A more comprehensive and detailed treatment strategy for severely and critically ill patients is included in the updated protocol. Recent studies have reported that the novel coronavirus may not only target the lungs but also have the potential to affect other organs, which eventually leads to multiple organ dysfunction syndrome in the advanced stages.[3,5,9,11] The key objectives of COVID-19 treatment are improvement of the symptoms and underlying diseases, active prevention and control of the potential complications, and provision of timely measures to support organ function. The lung-protective ventilation strategies are to be adopted in cases requiring invasive mechanical ventilation, and detailed setting of the ventilation parameters is recommended. Extracorporeal life support, including extracorporeal membrane oxygenation, must be considered for patients with hypoxemia refractory to invasive mechanical ventilation; the indications and timing for extracorporeal membrane oxygenation have been specifically refined.
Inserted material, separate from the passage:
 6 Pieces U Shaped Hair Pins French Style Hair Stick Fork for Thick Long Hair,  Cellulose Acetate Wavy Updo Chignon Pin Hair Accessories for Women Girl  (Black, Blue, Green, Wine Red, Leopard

Furthermore, the seventh protocol emphasizes the importance of the monitoring methods for the critically ill patients, including the use of the pulse index continuous cardiac output device, invasive blood pressure monitoring, and critical care ultrasonography. Moreover, continuous renal replacement therapy is recommended for patients with acute kidney injury and severe instability of the internal environment. Plasmapheresis can alleviate cytokine storms. Convalescent plasma therapy is recommended as the last resort to improve the prognosis of severely ill patients with COVID-19. In the seventh version, immunotherapy is described as a therapeutic option for the first time. Recent reports have indicated that the serum levels of inflammatory mediators in severely ill patients were significantly higher than in those with milder disease. Tocilizumab, a humanized antibody for interleukin-6 receptor, has been proposed as a therapeutic agent for patients with extensive lung injury and elevated interleukin-6 levels. Currently, tocilizumab has been widely used for the treatment of autoimmune diseases and is approved by the US Food and Drug Administration for decreasing the events of cytokine-release syndrome due to CD19-specific chimeric antigen receptor T-cell therapy in acute lymphoblastic leukemia.
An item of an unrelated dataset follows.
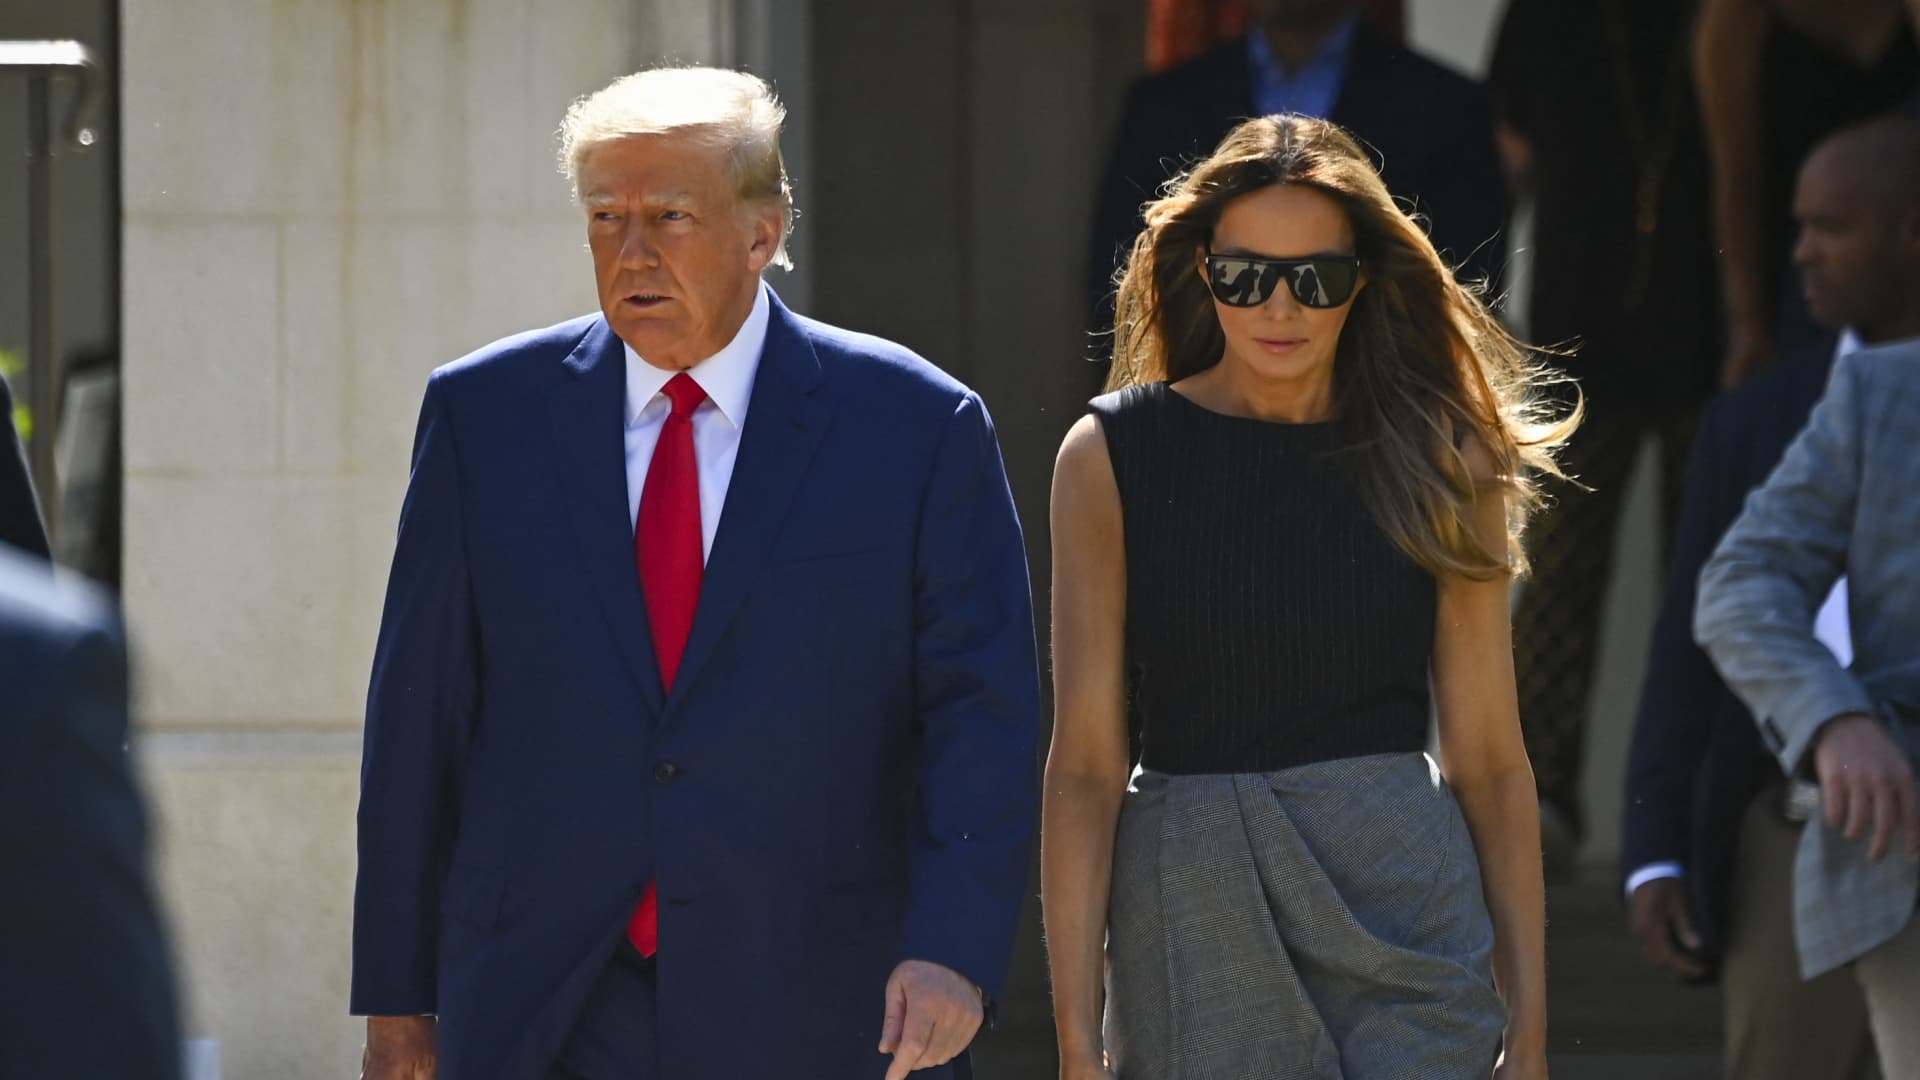 Former US President Donald Trump and his wife, Melania Trump, leave a polling station after voting in the US midterm elections in Palm Beach, Florida, on November 8, 2022.

The seventh version stipulates that following discharge from the hospital or discontinuation of quarantine, the patients should be instructed to continue the quarantine protocol under self-supervision for the next 14 days, with a proposed clinical follow-up. A recent study reported that a proportion of the recovered COVID-19 patients continued to be tested positive for 2019-nCoV on RT-PCR. Moreover, the exclusion criteria for the suspected cases have been strictly redefined as follows: two consecutive negative RT-PCR test results and negative results for infection-specific IgM and IgG after 7 days of illness onset. The aforementioned updates will facilitate better control and management of the COVID-19 pandemic.